[Opening SUPPLIED MATERIAL section]
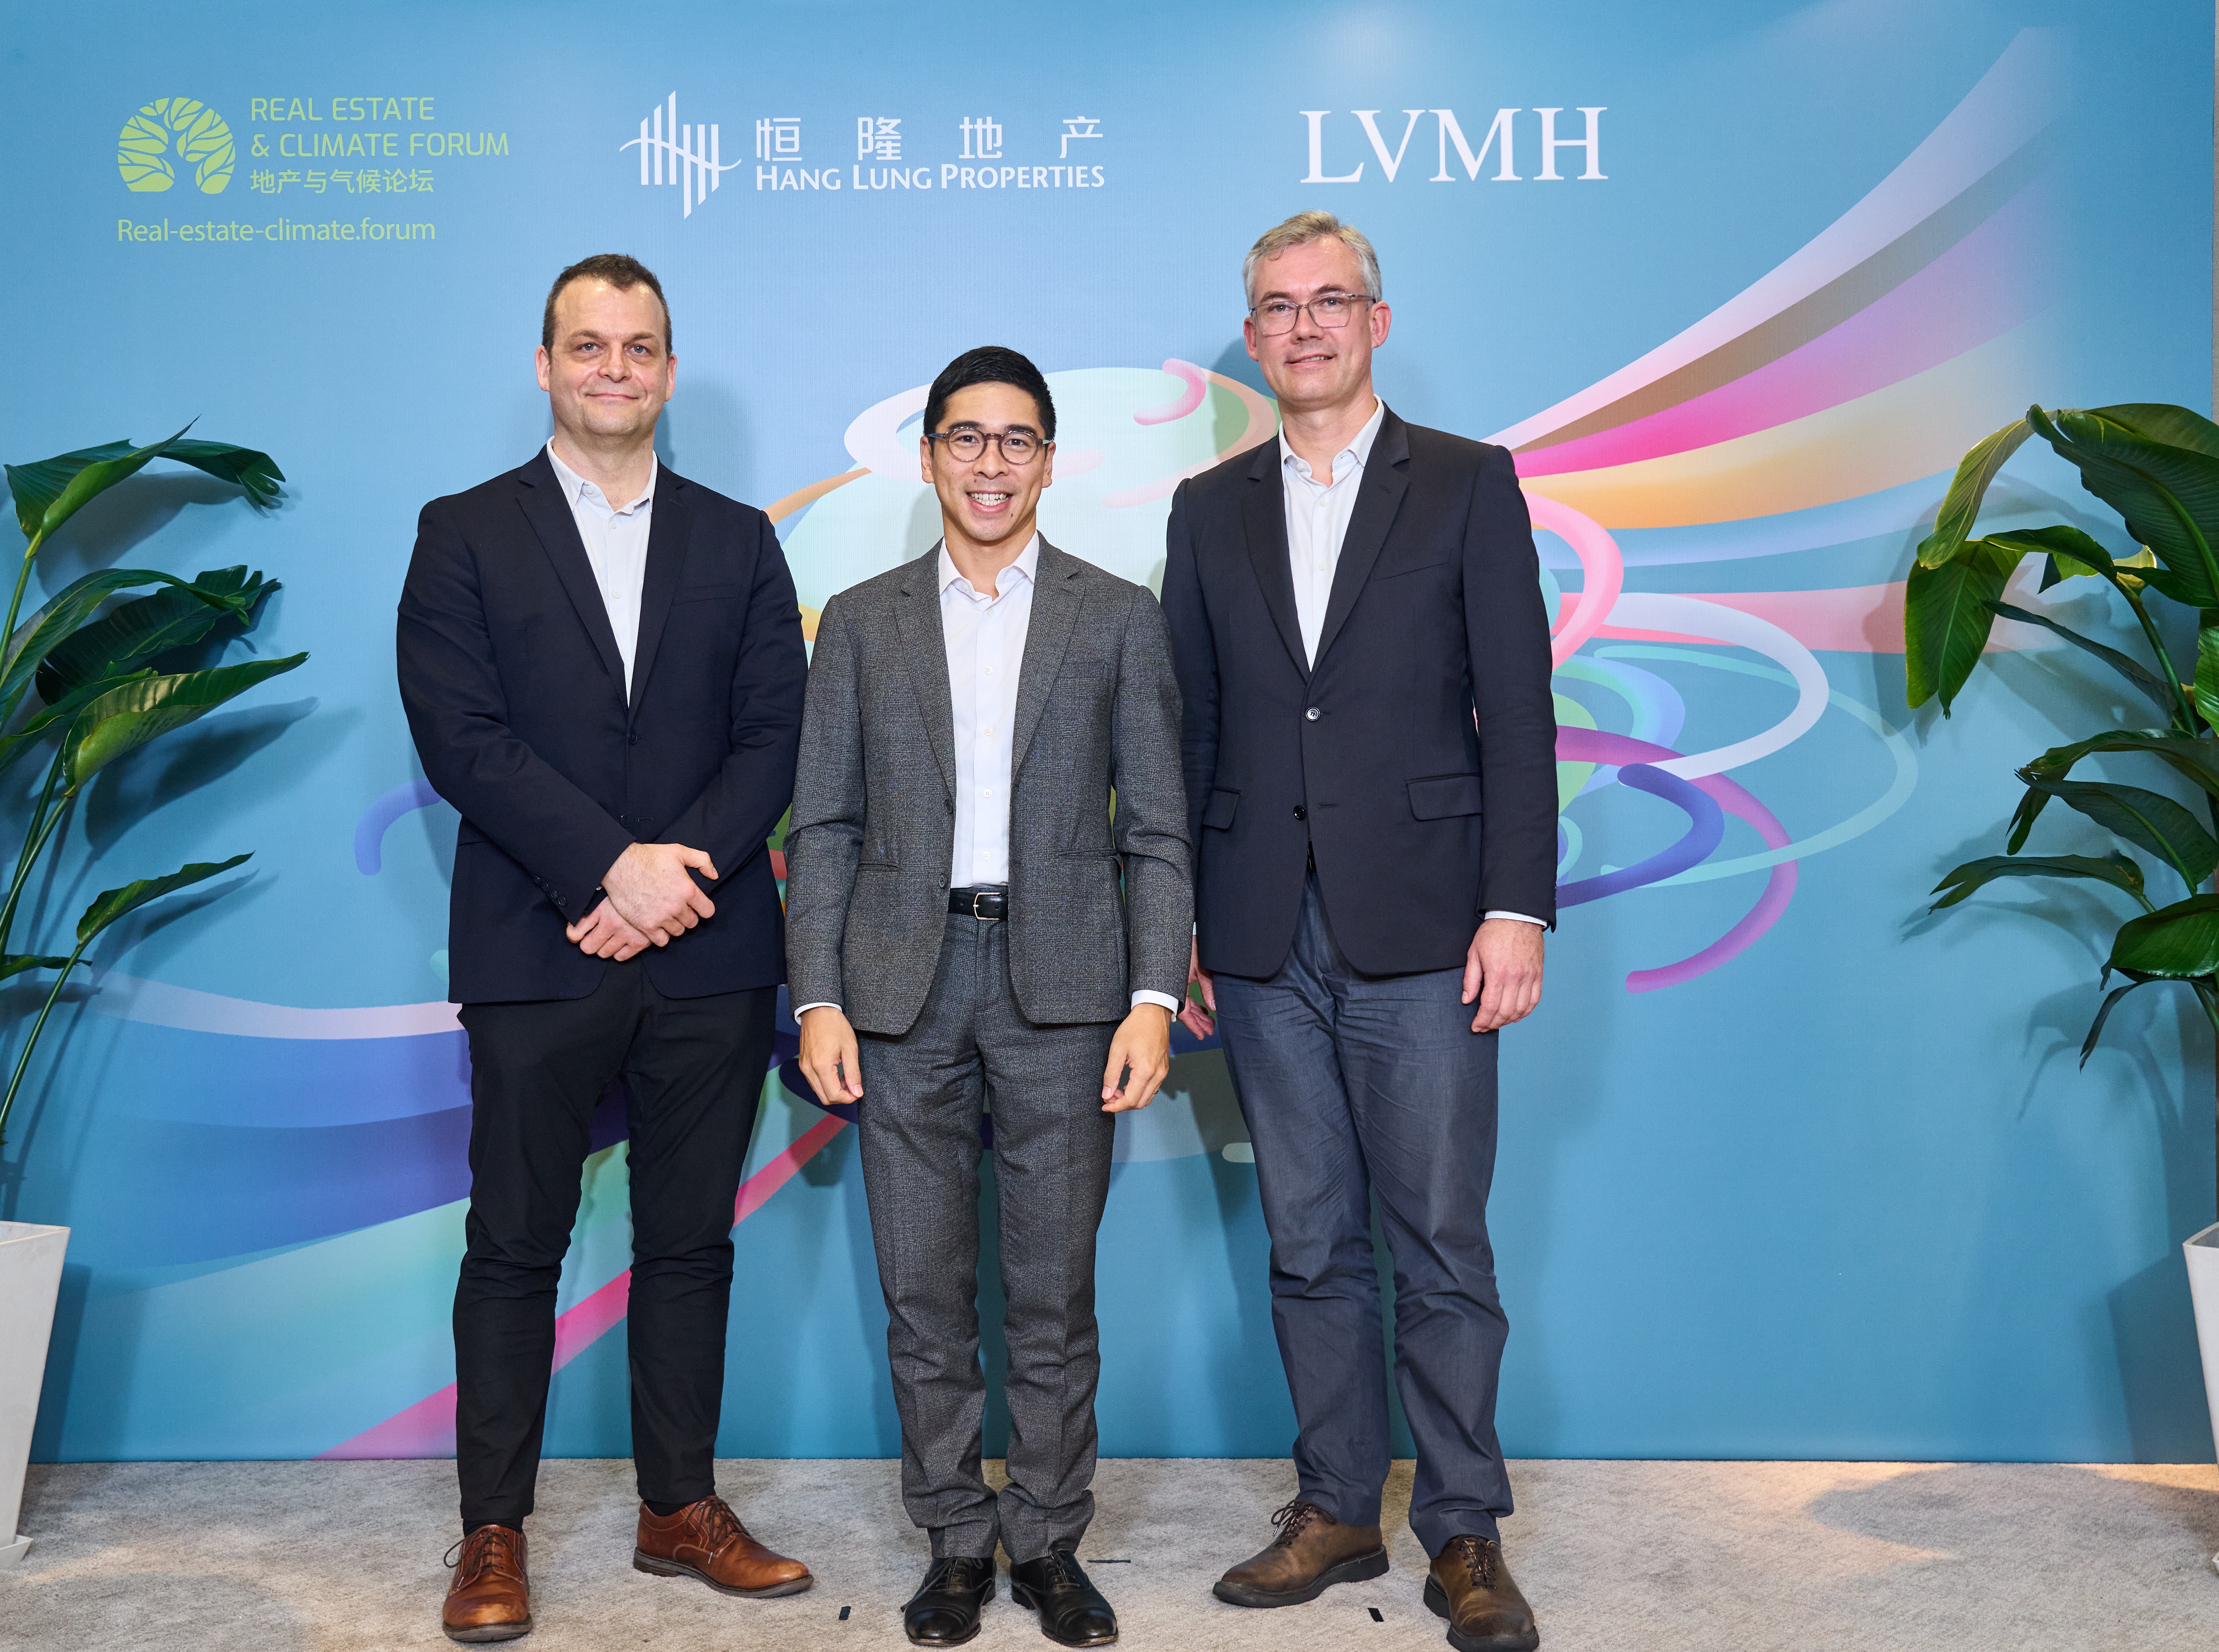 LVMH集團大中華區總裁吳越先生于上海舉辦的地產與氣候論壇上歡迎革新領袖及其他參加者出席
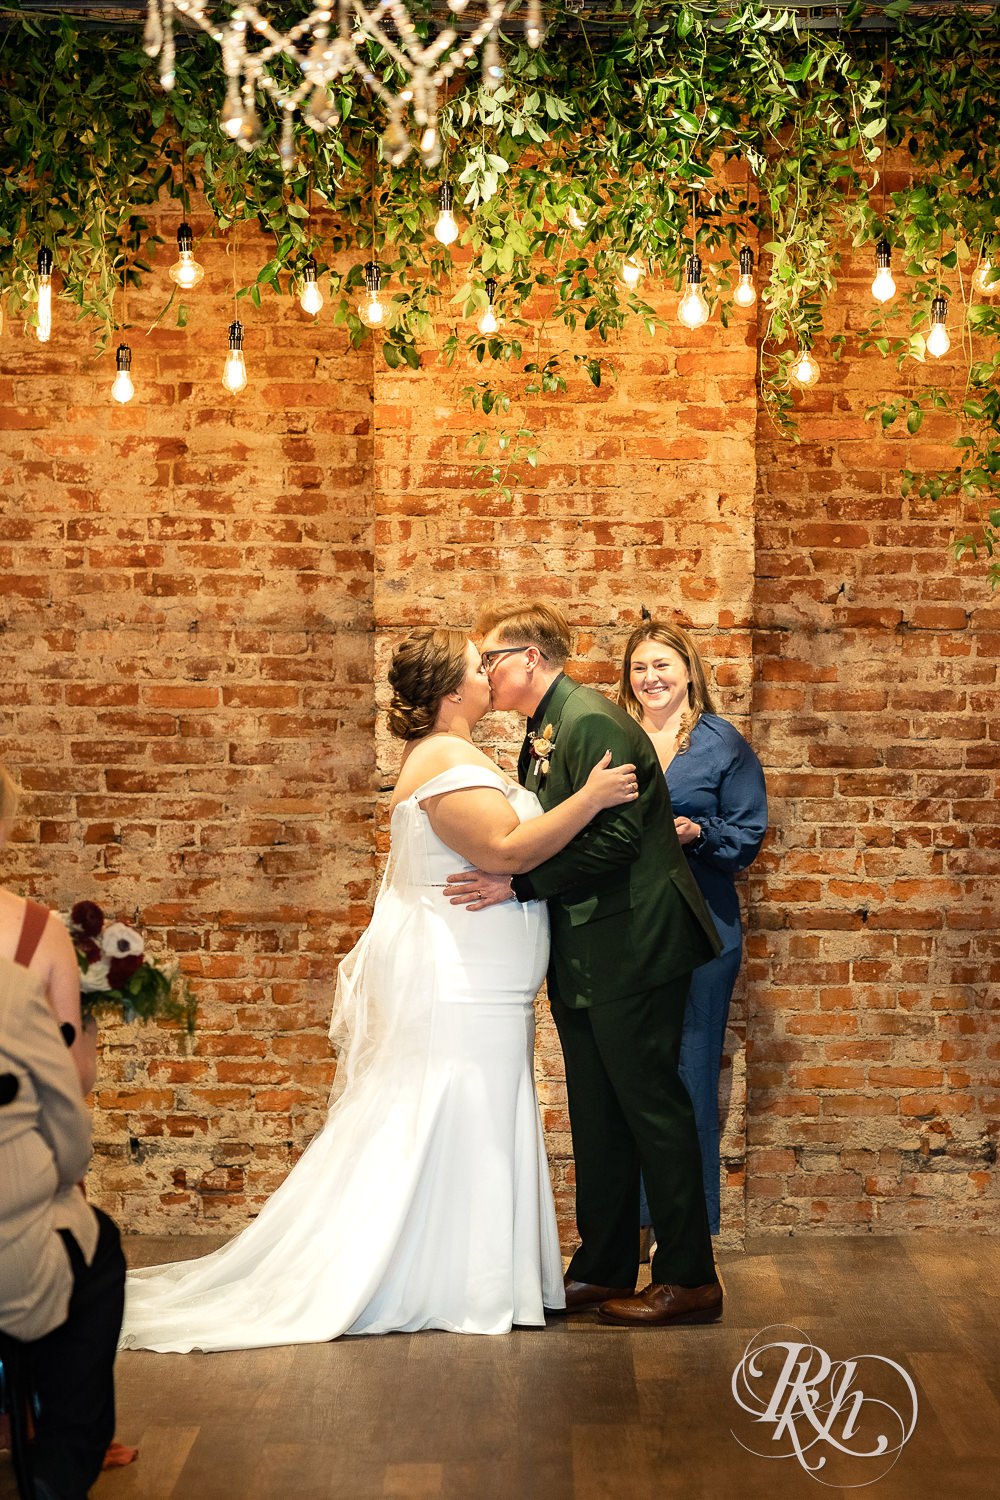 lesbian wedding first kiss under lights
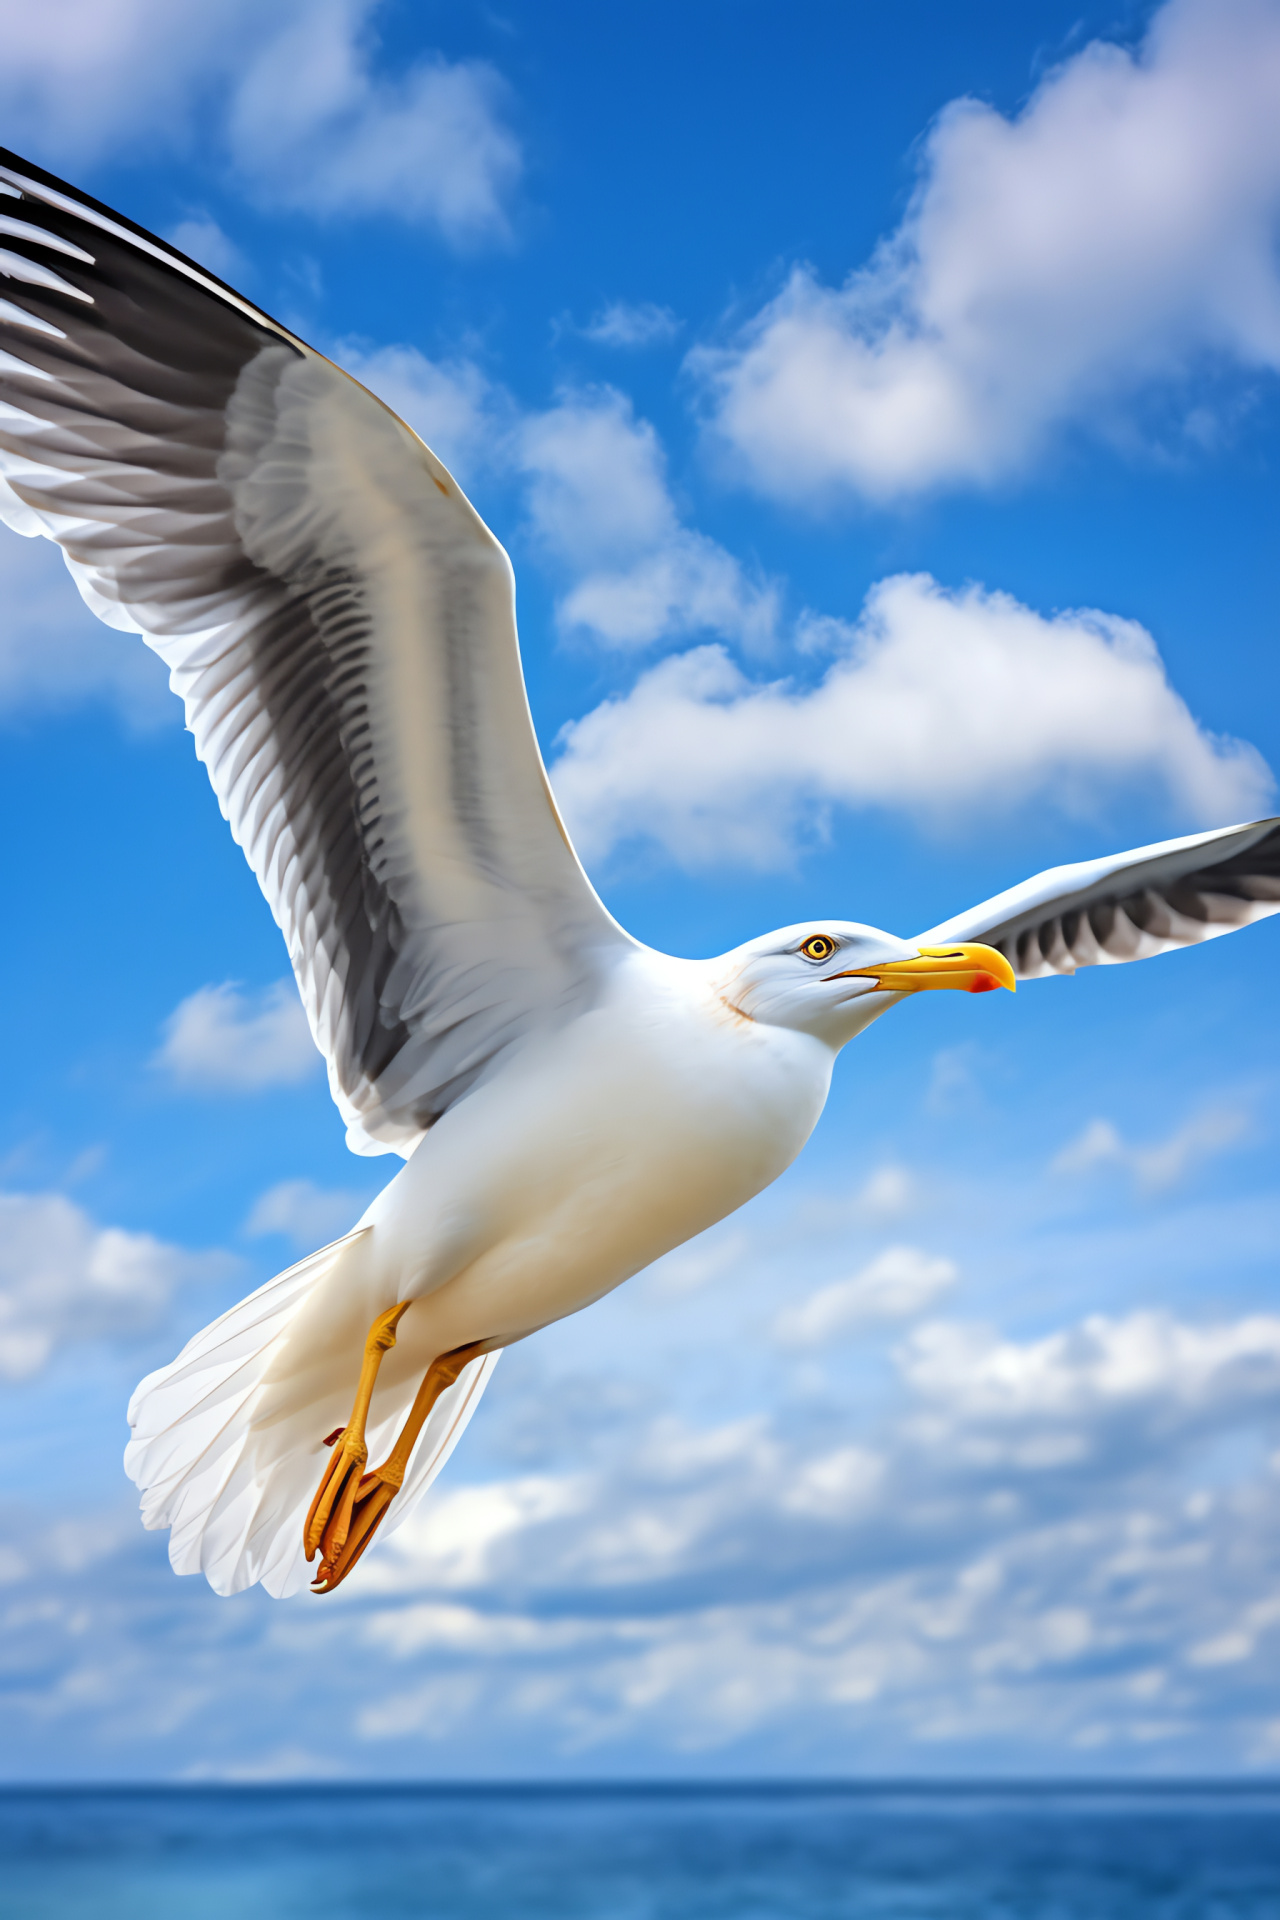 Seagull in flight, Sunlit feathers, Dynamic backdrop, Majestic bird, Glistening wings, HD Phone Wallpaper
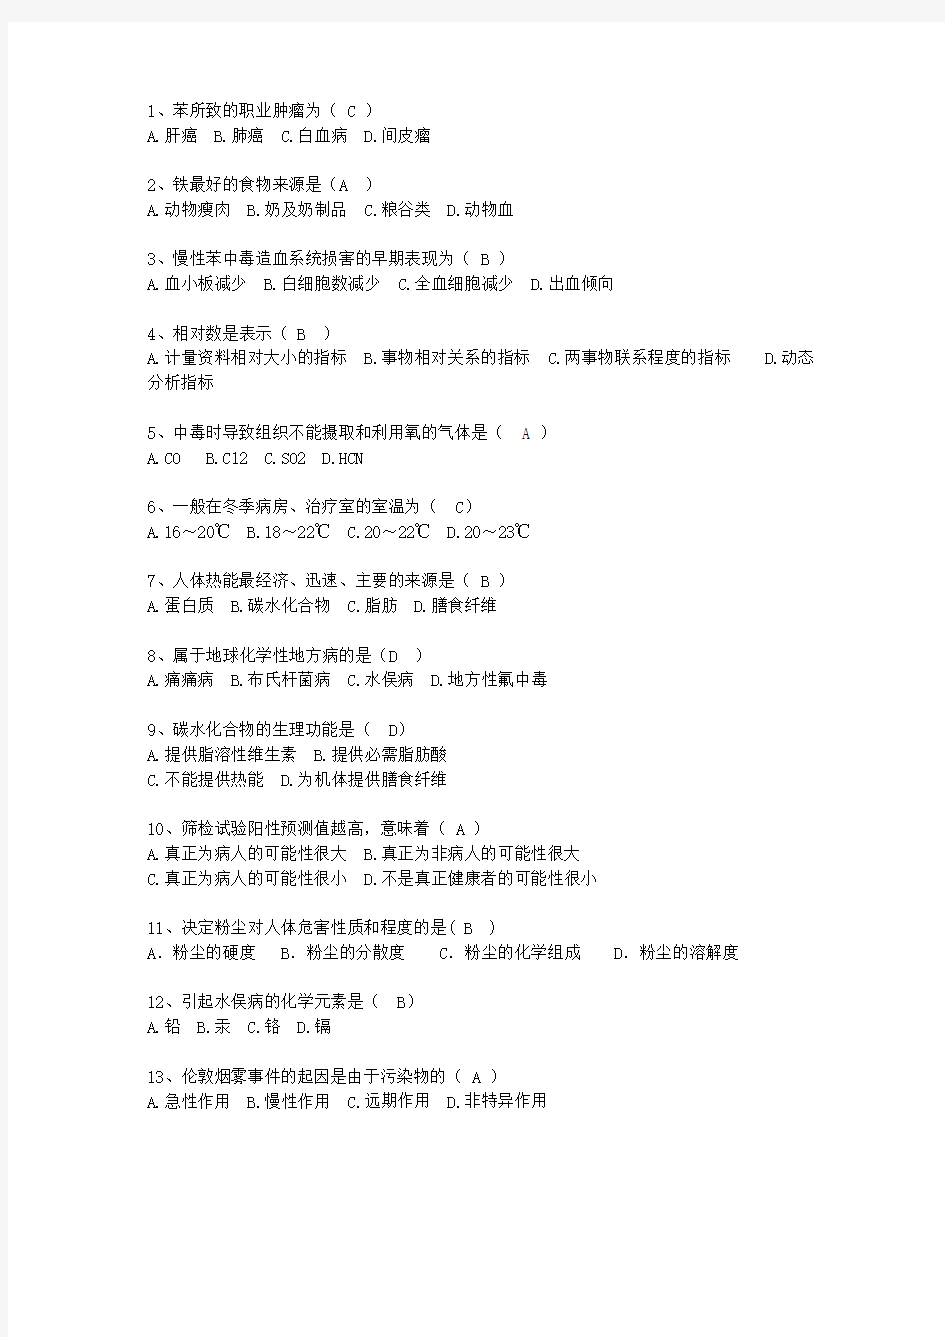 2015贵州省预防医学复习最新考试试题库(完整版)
[Closing SUPPLIED MATERIAL section]
**EXERCISE BRIEF**.
The answer is the whole listing above, written out verbatim, without its pictures.

**YOUR RESPONSE**.
 LVMH集團大中華區總裁吳越先生于上海舉辦的地產與氣候論壇上歡迎革新領袖及其他參加者出席
 lesbian wedding first kiss under lights
 Seagull in flight, Sunlit feathers, Dynamic backdrop, Majestic bird, Glistening wings, HD Phone Wallpaper
 2015贵州省预防医学复习最新考试试题库(完整版)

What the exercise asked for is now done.